━━ INPUT DATA ━━

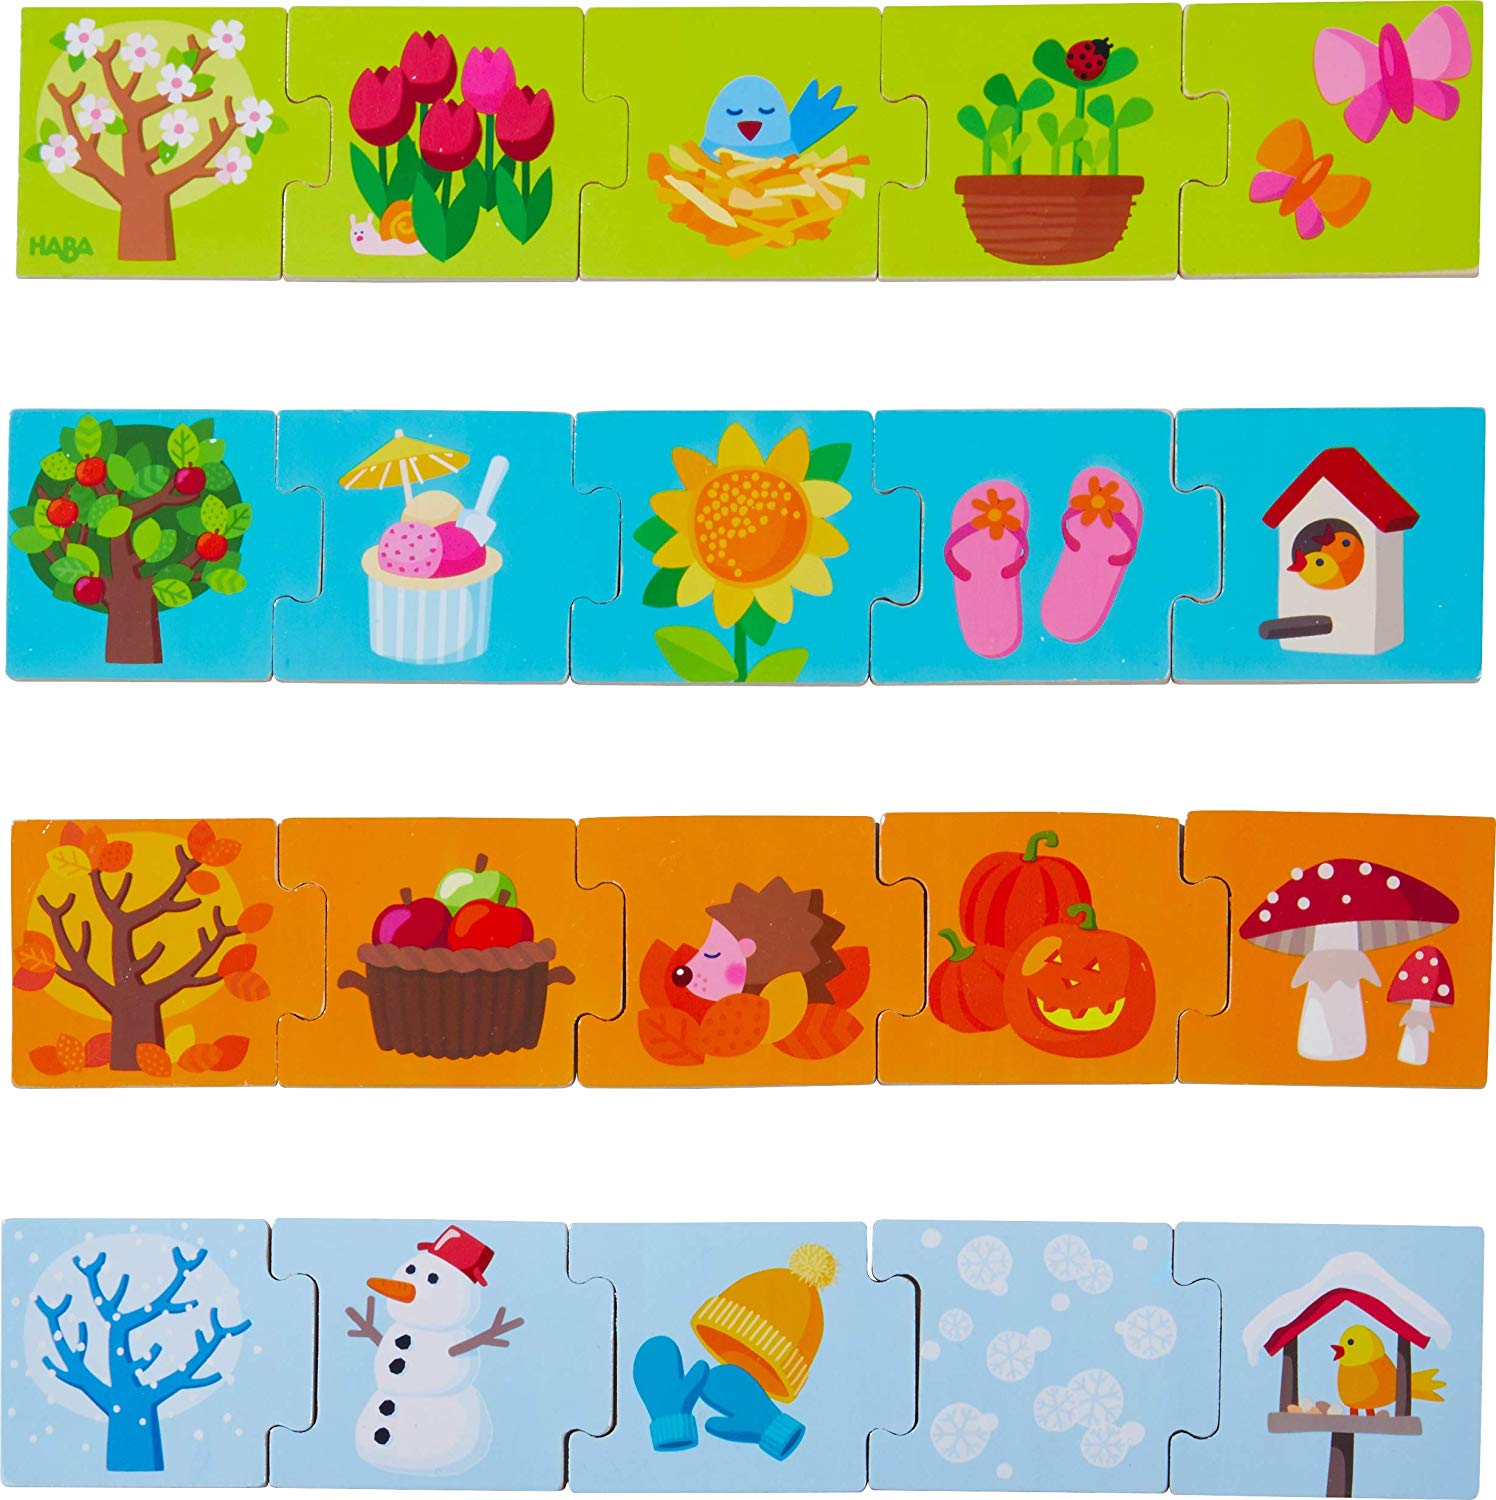 Haba 304259 Seasons Sorting Game For Playful Learning To Meet The Seasons 2
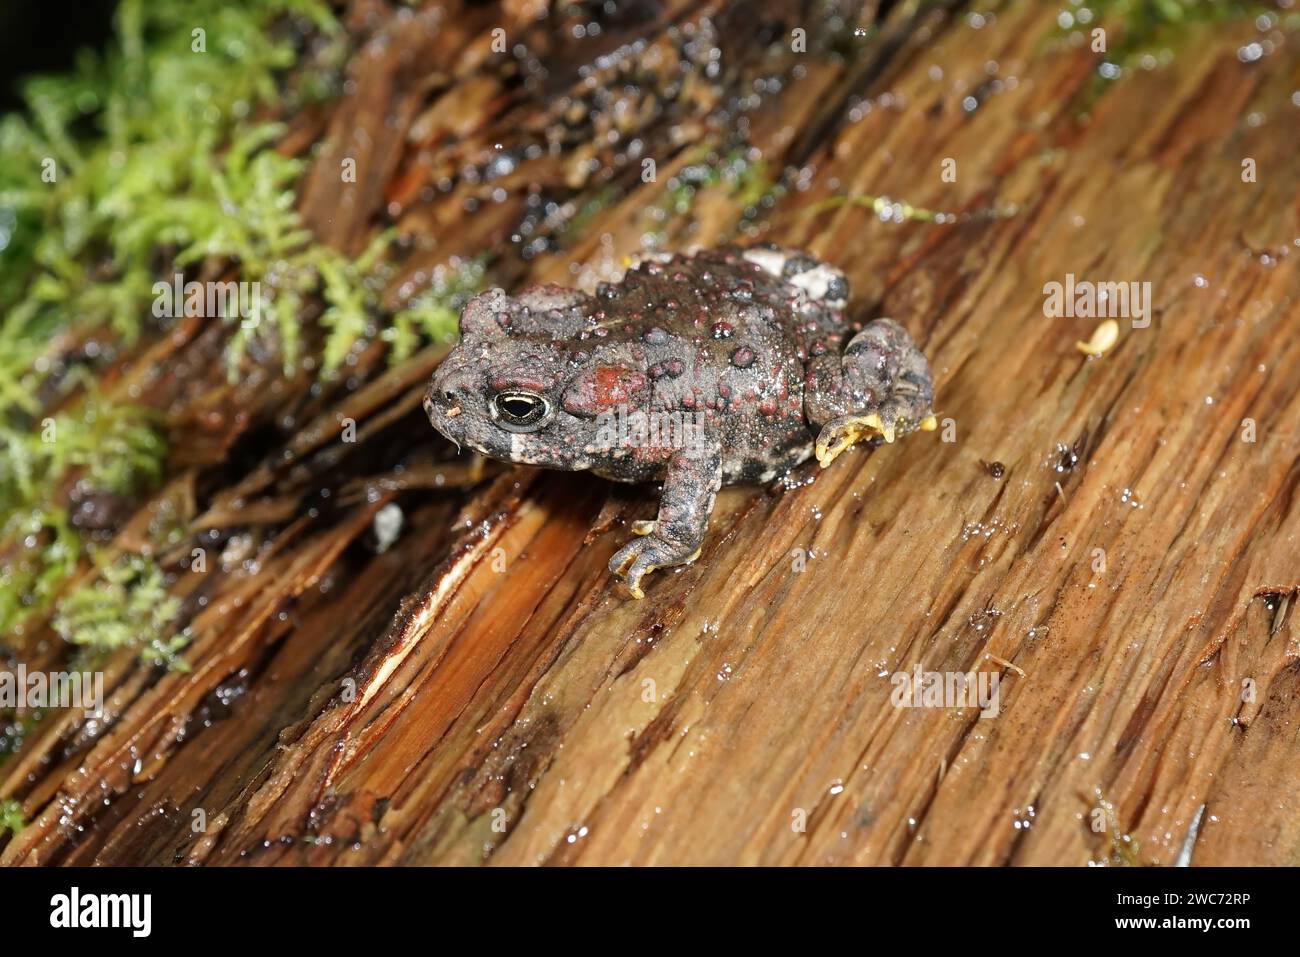 Natural close up on a juvenile Western toad, Anaxyrus boreas, sitting on the forest floor Stock Photo
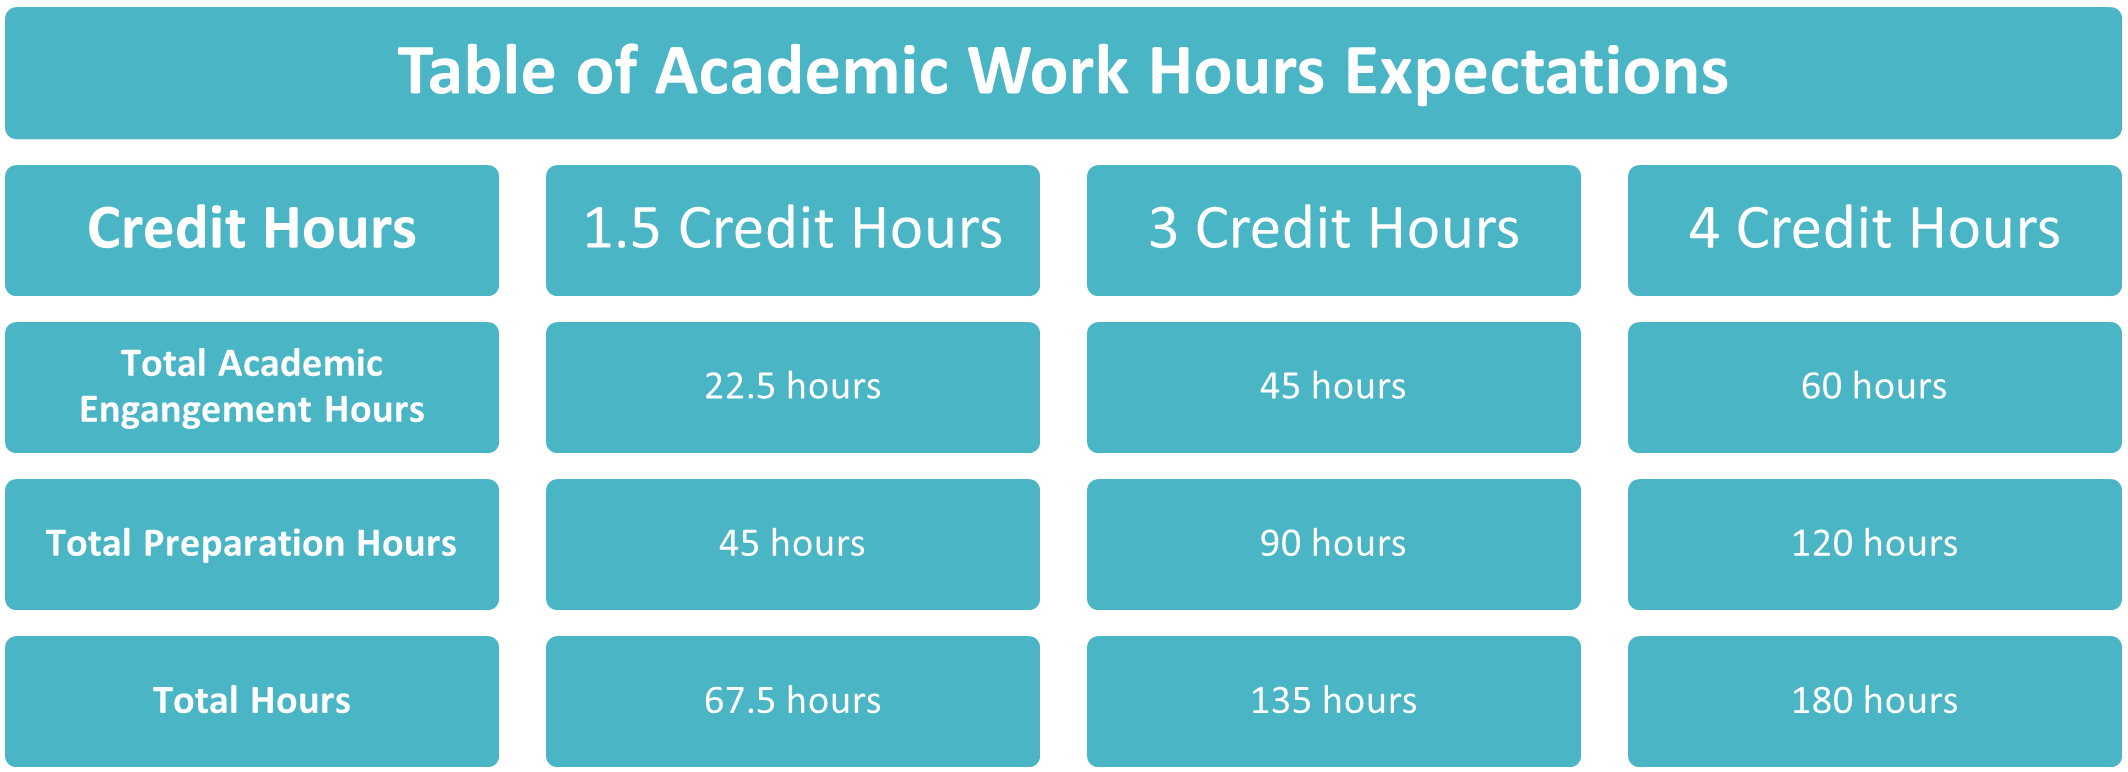 phd thesis credit hours

━━━

(EXERCISE) Reproduce the preceding material exactly, skipping pictures.

(TASK RESULT)
 Haba 304259 Seasons Sorting Game For Playful Learning To Meet The Seasons 2
 Natural close up on a juvenile Western toad, Anaxyrus boreas, sitting on the forest floor Stock Photo
 phd thesis credit hours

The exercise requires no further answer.